McKegney taught himself how to make pizzas and Nelsonians soon started flocking in, not just for the pizzas but for the lunchtime cabinet food; “we introduced Nelson to carrot cake and mung beans, the carrot cake totally bemused customers initially but soon became a real point of difference for the business. It was all pretty revolutionary at the time” says McKegney but it was food he had eaten while he was travelling and as he couldn’t source many of the ingredients he wanted he had to make the most of what he could get here.
After the Hitching Post, along with another couple of business partners and friends he was part of the team who opened Nelson’s first night club.
Horatio’s was on Halifax Street next to what is now the library and was a much needed addition to Nelson’s night life, it was the first venue in the city to be open for trading after 10pm, how times have changed.

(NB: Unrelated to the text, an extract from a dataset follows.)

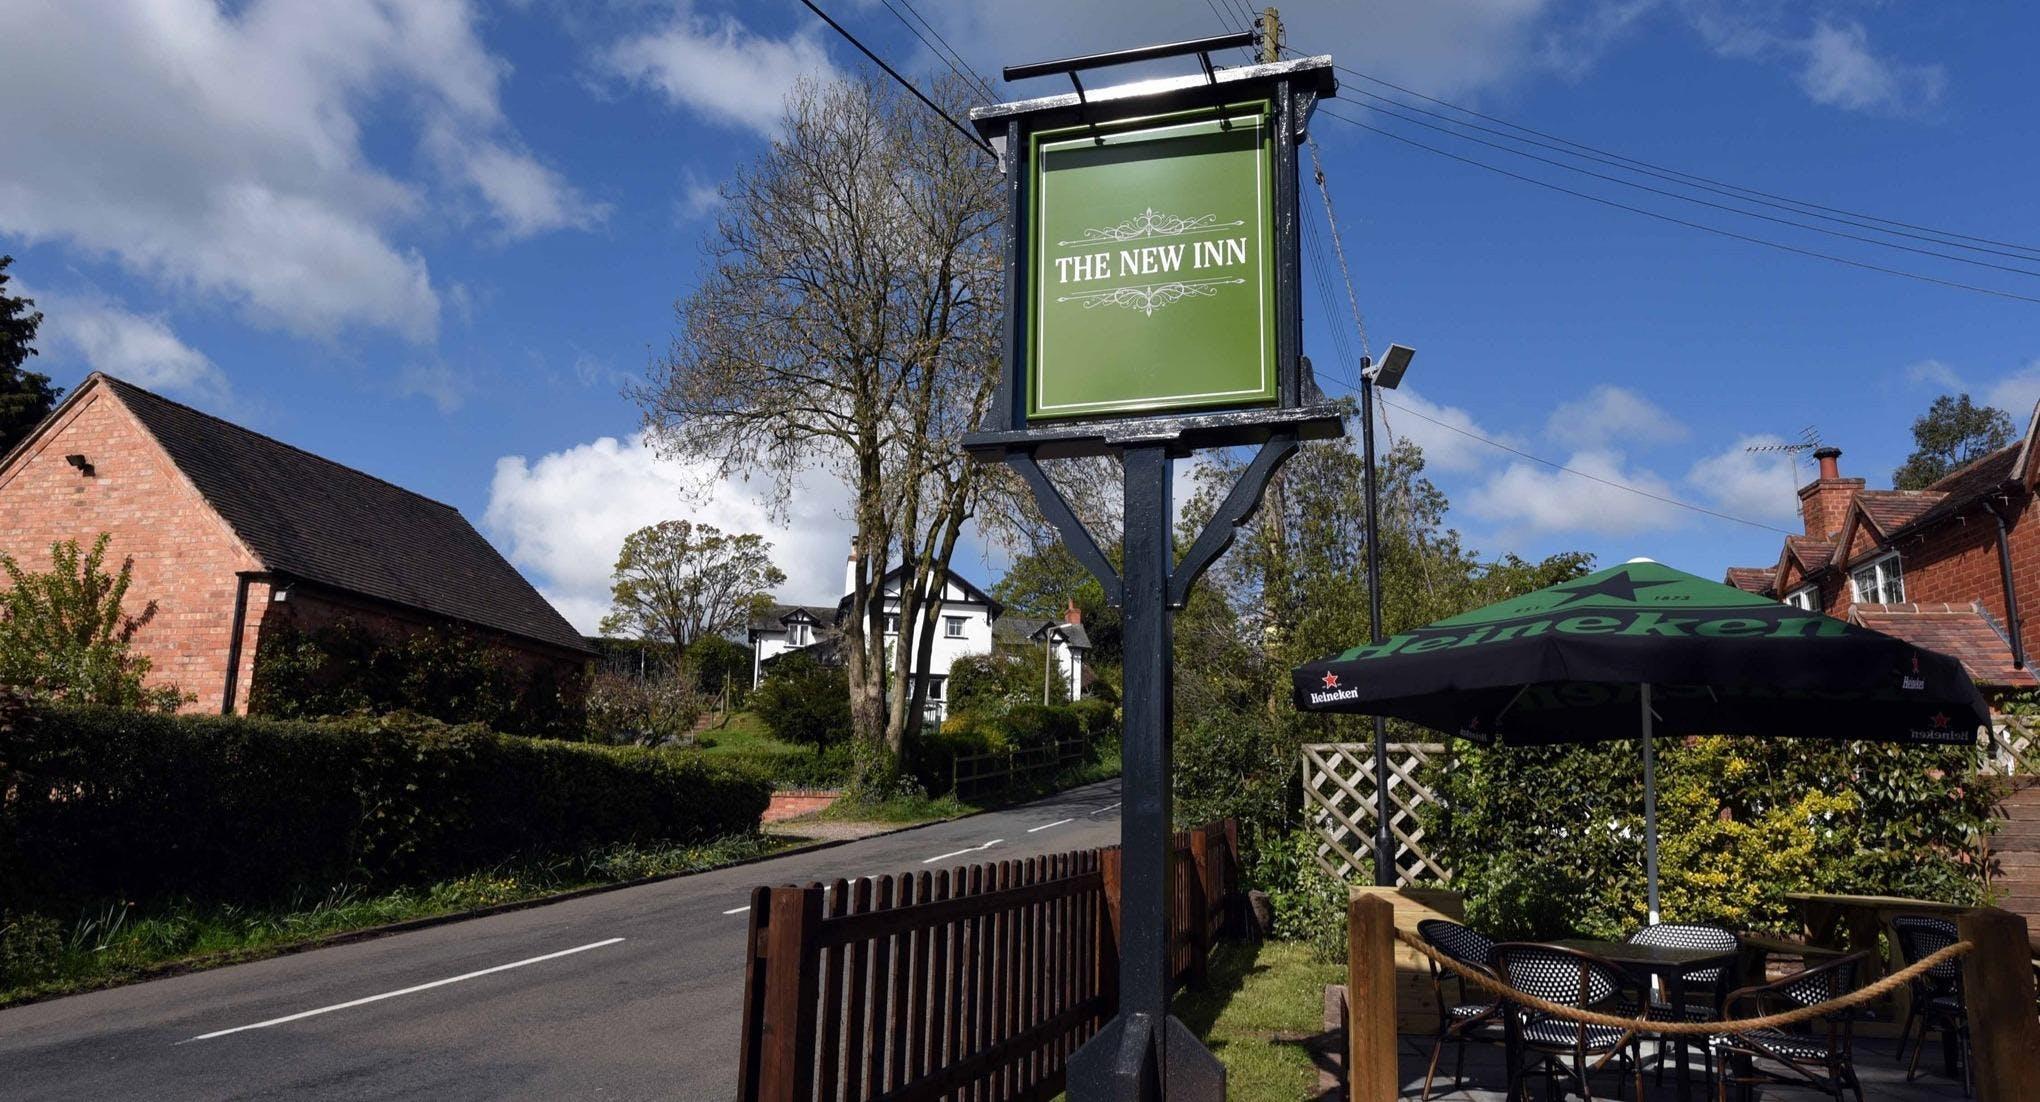 The New Inn - Bournheath

“They were great days, we had a huge amount of fun and the Nelson public really embraced the night club. We had a really loyal clientele who supported the business for many years, I was in the kitchen and the others had things they looked after, like running the bar, managing the promotions and business side or organising the music.”
There were a number of very well known people involved in Horatio’s, Ronnie Nilsen, the late Kevin Ihia and late Digby Lawley were all part of a great group of people who went on to be instrumental in making other changes in Nelson and New Zealand including setting up one of the first independent radio stations in the country, Fifeshire FM.
After a few years at Horatio’s McKegney set up a Tex-Mex restaurant in Bridge Street, Chattanooga’s was opposite what is now Noel Leemings.
McKegney says we are lucky to live in Nelson now where we have a large source of fresh and varied produce but back in the Chattanoga’s days they still struggled to get things like olives so the food focus was on prime beef and Mexican style food like corn chips. It is hard to believe now that these foods were almost exotic in the mid 1990’s.
In 1999 he and business partners Steve Russell, Reece Odey and Leanne Murray set up Lambrettas, Reece and Leanne met at Horatio’s and are now married and have bought out the others; the Lambretta’s story deserves a column of its own at some stage so watch this space.
McKegney sold his shares in Lambretta’s in 2002 when he turned 50 and started cooking at the Boat House in 2003 and has been here ever since.
The Boat House is owned by a society with club members who paid to join, they went on to restore the building. In the early years McKegney “started doing a bit of food for members on Friday nights” and 22 years later is still doing that as well as being open Wednesday, Thursday & Friday lunchtime to the public.
“The Boat House Society started with 176 members and now has well over 200, the society obtained an on-licence and quietly built the food side of the business and while the society doesn’t make much money it’s a great function venue that I think really adds something special to the Nelson community and the view makes it a pretty good place to work.”